Locks and keys are the usual suspects of most security problems even if we're talking about French doors. Installed to add a nice French style at homes and facilitate movement, French doors are often installed in porches and balconies. In other words, just like regular external doors they're exposed to climate fluctuations and may not lock properly. Before you start disassembling the security locks when problems strike, take a minute to consider whether the latch is not aligned due to other problems. It's not always the lock's fault.
In some cases, the French doors won't lock if the material of the door is warped or the door sags. Since most French doors are made of wood, the material would warp after several years and due to lack of treatment. The hinges ensure that the door is aligned and doesn't bind might get loose or too tightened. If the door doesn't close well, it won't lock well either. So, before you even consider lock change or repairs, make sure what causes the problem.
Regular French door lock repair would include the alignment and lubrication of the bolt. The doors will sag even if the door knobs are loose. In this case, you just have to tighten their screws. If they're not loose but the lock sticks, you would have to remove the door knobs. Remove the screws from each side of the door pulling out the shaft connecting the two door knobs, too. Use canned air to remove debris and dust and lubricate the security door lock mechanism.

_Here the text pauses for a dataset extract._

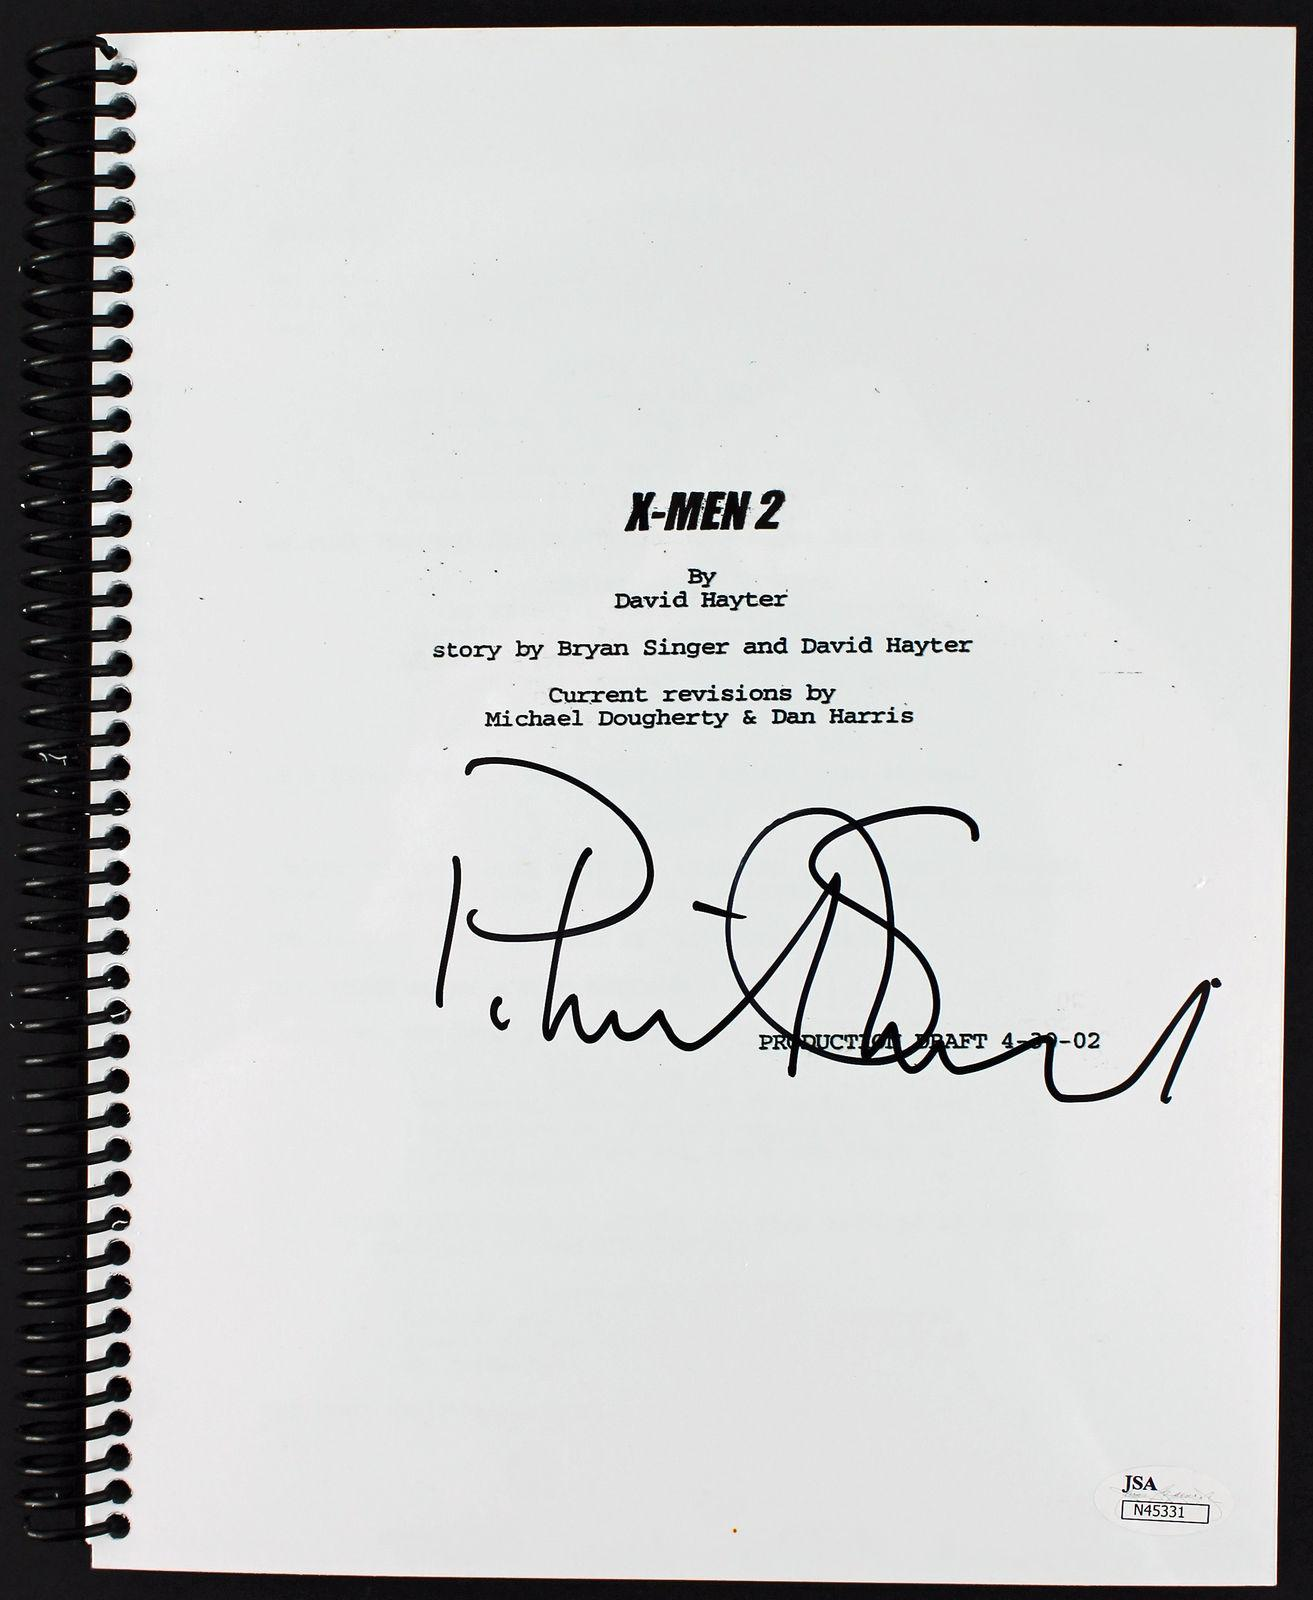 Patrick Stewart Signed X-Men 2 Script Autographed JSA #N45331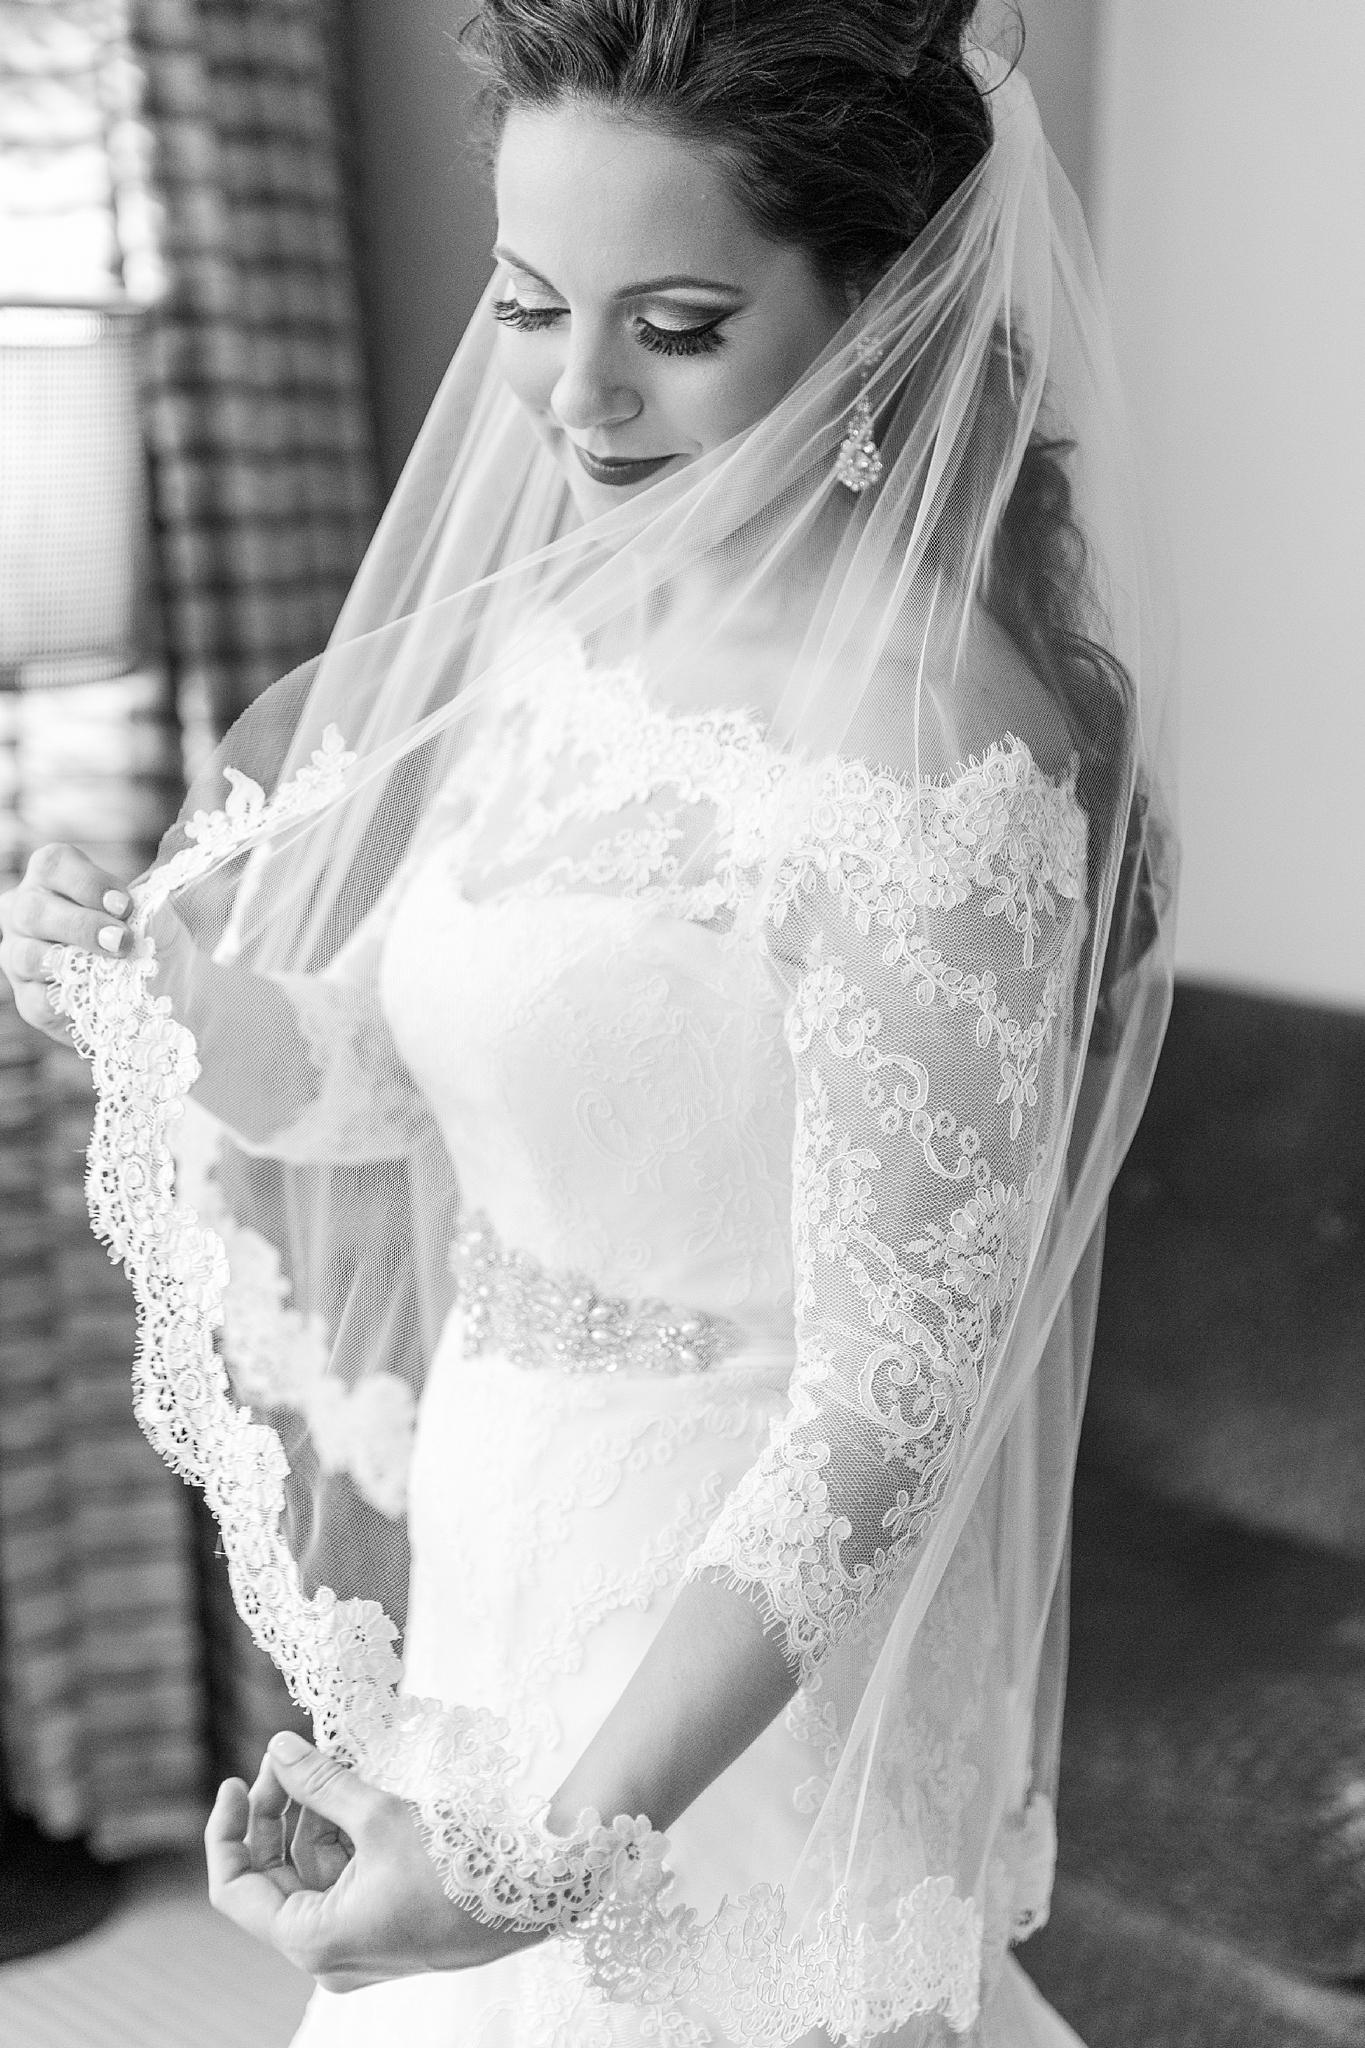 detroit-colony-club-wedding-regal-romantic-photography-in-detroit-mi-by-courtney-carolyn-photography_0005.jpg

French door latches provide extra security but since they consist of a number of parts, they need good maintenance, too. French doors often have barrel bolts acting as latches at the top and bottom part of the door, which remains stationary as the other one is used for daily traffic. You must make sure the latches are aligned with the hole at the header and floor. Sometimes, alignment problems begin with poor lock installation. If the bolt does not meet the hole at the top or bottom, you might have to remove the mortice plate and place it at the exact position for proper alignment with the bolt. You probably won't have to move it far enough. It should suffice to use a chisel to enlarge the mortice just enough to move the plate a bit farther away from its current position. When you test French door locks, avoid using force. If damage is inflicted, you will need to get new locks.